Старик кивнул без особой радости.
— Я рассчитывал найти телефон в больнице, — сказал он.
— А как же вы собирались его найти, если только что заявили, что не хотите возвращаться в больницу.
— Вот именно: не хочу возвращаться на больничную койку, а съездить за документами — другое дело.
— А вы знаете, из какой больницы бежали? — удивился следователь.
— Пока не знаю, не догадался тогда выяснить, спешил, — он усмехнулся. — Но как-нибудь вычислил бы. А теперь вы подскажите.
— Да, вы бежали, как говорится, без задних ног, вам было не до названия, — рассмеялся Роман Ильич. — И очень технично все это устроили. Не поделитесь ли, как все же это происходило. Я представляю весь этот процесс, но лишь примерно. А самое интересное, как всегда, кроется в деталях.
Герман Иванович задумался. Следователь вёл себя пока адекватно, в вопросах его не ощущалось угрозы. Но Герман Иванович был очень осторожным человеком. В последнее время, ещё до всех этих событий, он заметил за собой огорчающую его неприятную особенность, которую он называл про себя не контролируемым «старческим словоблудием». В разговоре с незнакомыми людьми он вдруг непростительно для себя проговаривался о вещах, о которых не следовало бы ему упоминать, или давал оценки людям и событиям, которых лучше всего было бы избегать. Иногда он подозревал, что «синдром страха» перед незнакомыми людьми, который он давно заметил за собой, приобрёл в последние годы совсем уж гипертрофированный характер. Он относил его на счёт своего многолетнего затворничества. Просто «отвык» от общения. Даже со своими хорошими знакомыми он стал предпочитать связь с помощью электронной почты и СМС, где тексты своих писем и сообщений у него всегда были перед глазами, и он тщательно редактировал их перед отправкой.
Сейчас он опасался «сболтнуть» ненароком что-то такое, что для него будет иметь далеко идущие неприятные последствия. Поэтому он предложил следователю изложить, что тому известно о его побеге. А он по ходу рассказа будет добавлять, уточнять или не соглашаться с чем-то.

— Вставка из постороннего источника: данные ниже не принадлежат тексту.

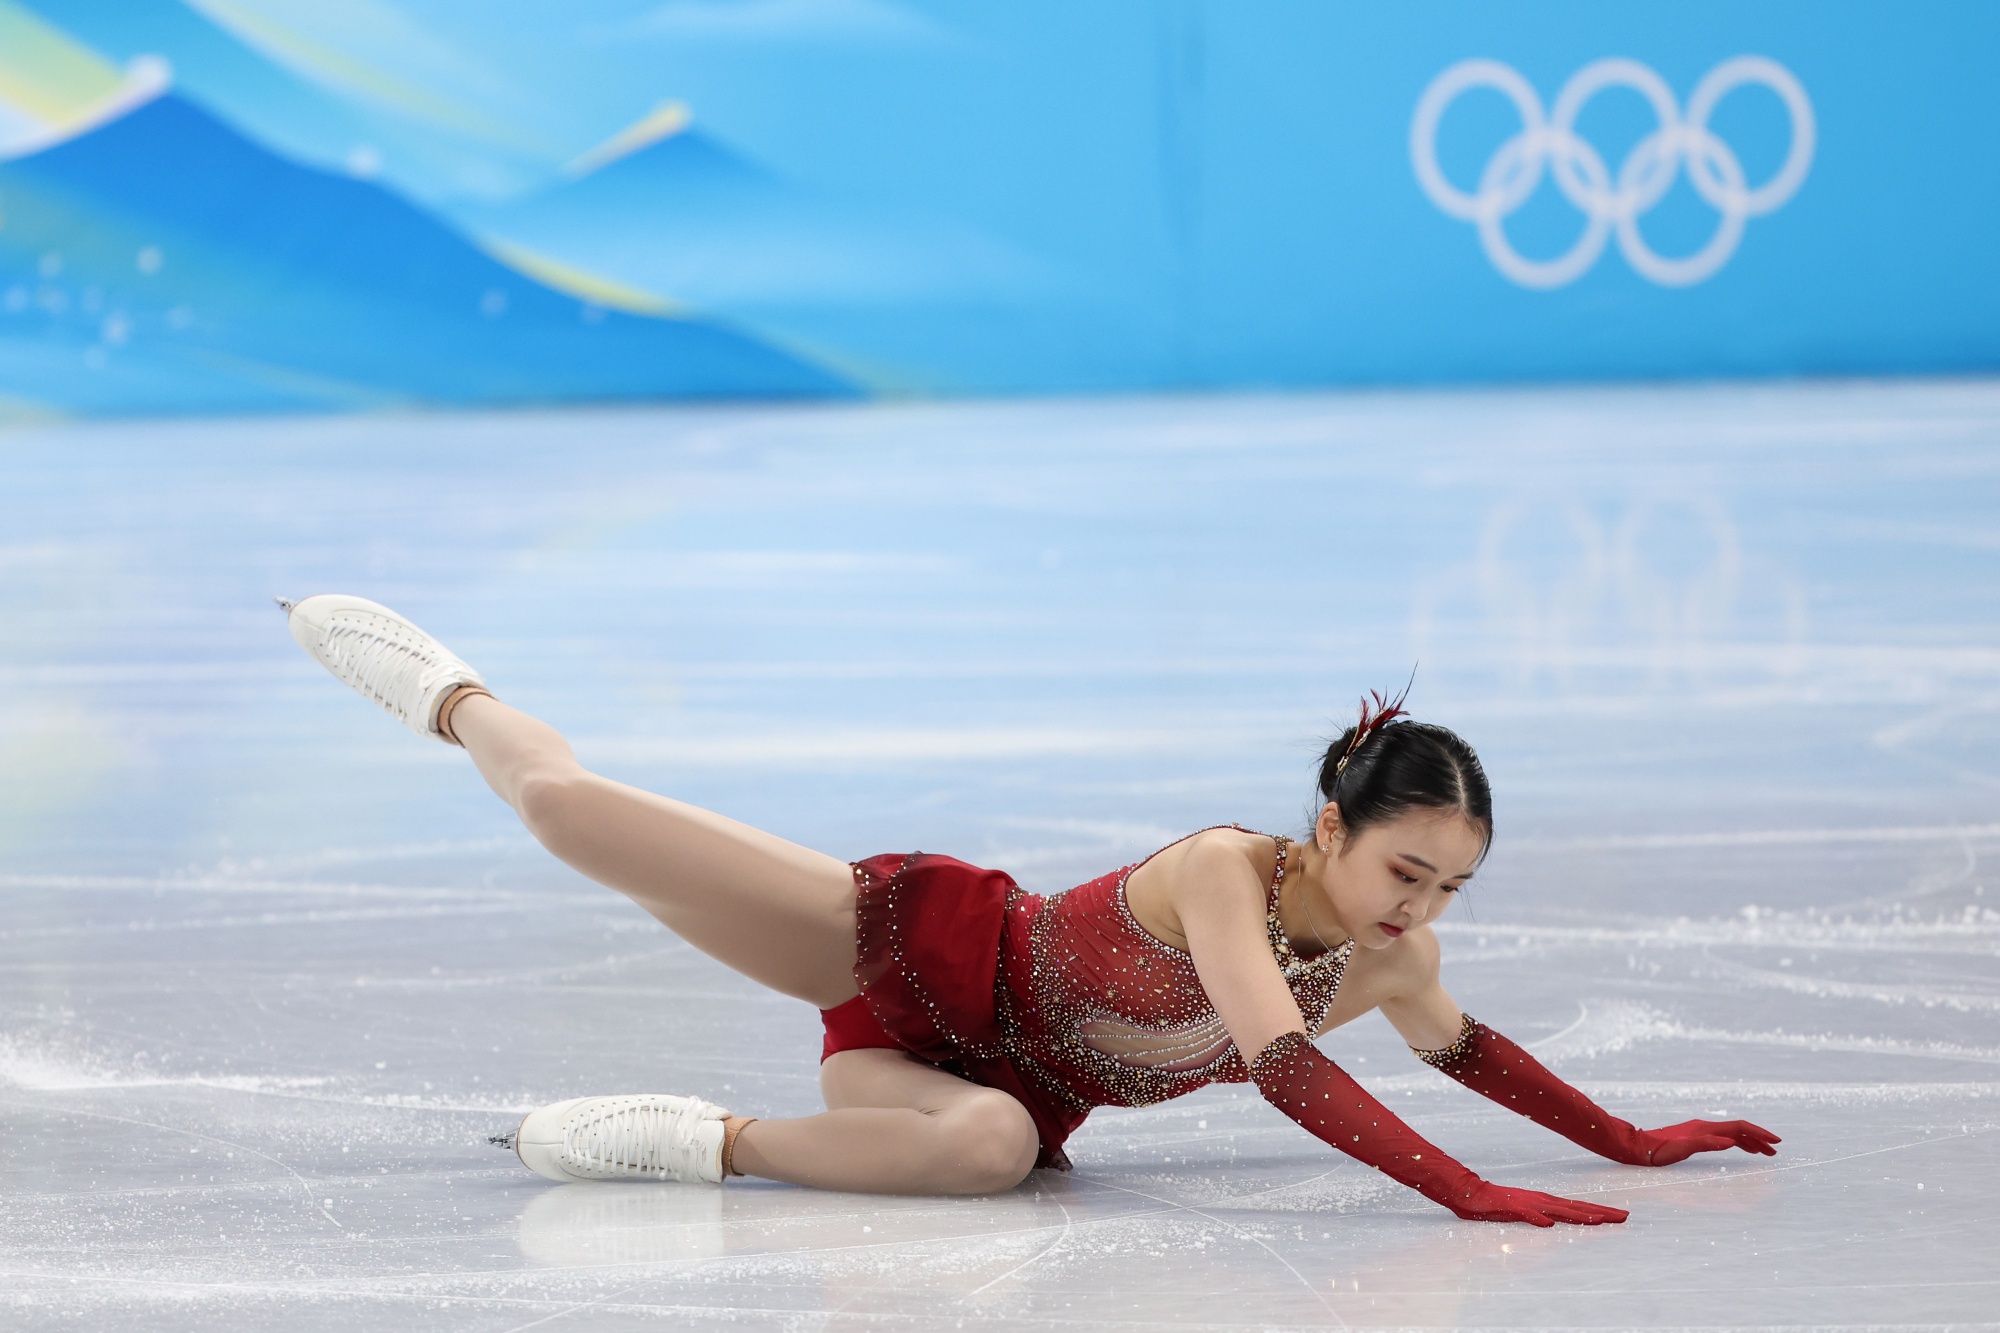 US-Born Skater Zhu Yi Says Online Abuse Affected Her Winter Olympics Performance

Ему было важно знать: упомянет ли следователь эпизод угона машины скорой помощи, и если упомянет, то в каком контексте.
Романа Ильича интересовал тот же эпизод, он попытался переубедить старика, но видя, как тот замыкается, решил пойти по предложенному тем пути. Он рассказал свою версию побега с той минуты, как внезапно проснувшийся от летаргического сна пациент добирается до каптёрки кастелянши, переодевается, через окно туалета выбирается наружу и прячется в кустах за подъездной площадкой для машин скорой помощи.
Следователь прервал свой рассказ, заметив, как на этом месте его рассказа Герман Иванович напрягся, опустил ранее спокойно скрещённые на груди руки на стол, сплёл кисти рук и сжал их так, что побелели костяшки пальцев.
— Так! Волнуется по поводу угона, — понял Роман Ильич. — Интуиция меня не подвела. Но стоит ли мне множить сущности, загонять его в угол, добиваться его признания. Ведь это будет то самое искомое доказательство его вины. Единственное доказательство.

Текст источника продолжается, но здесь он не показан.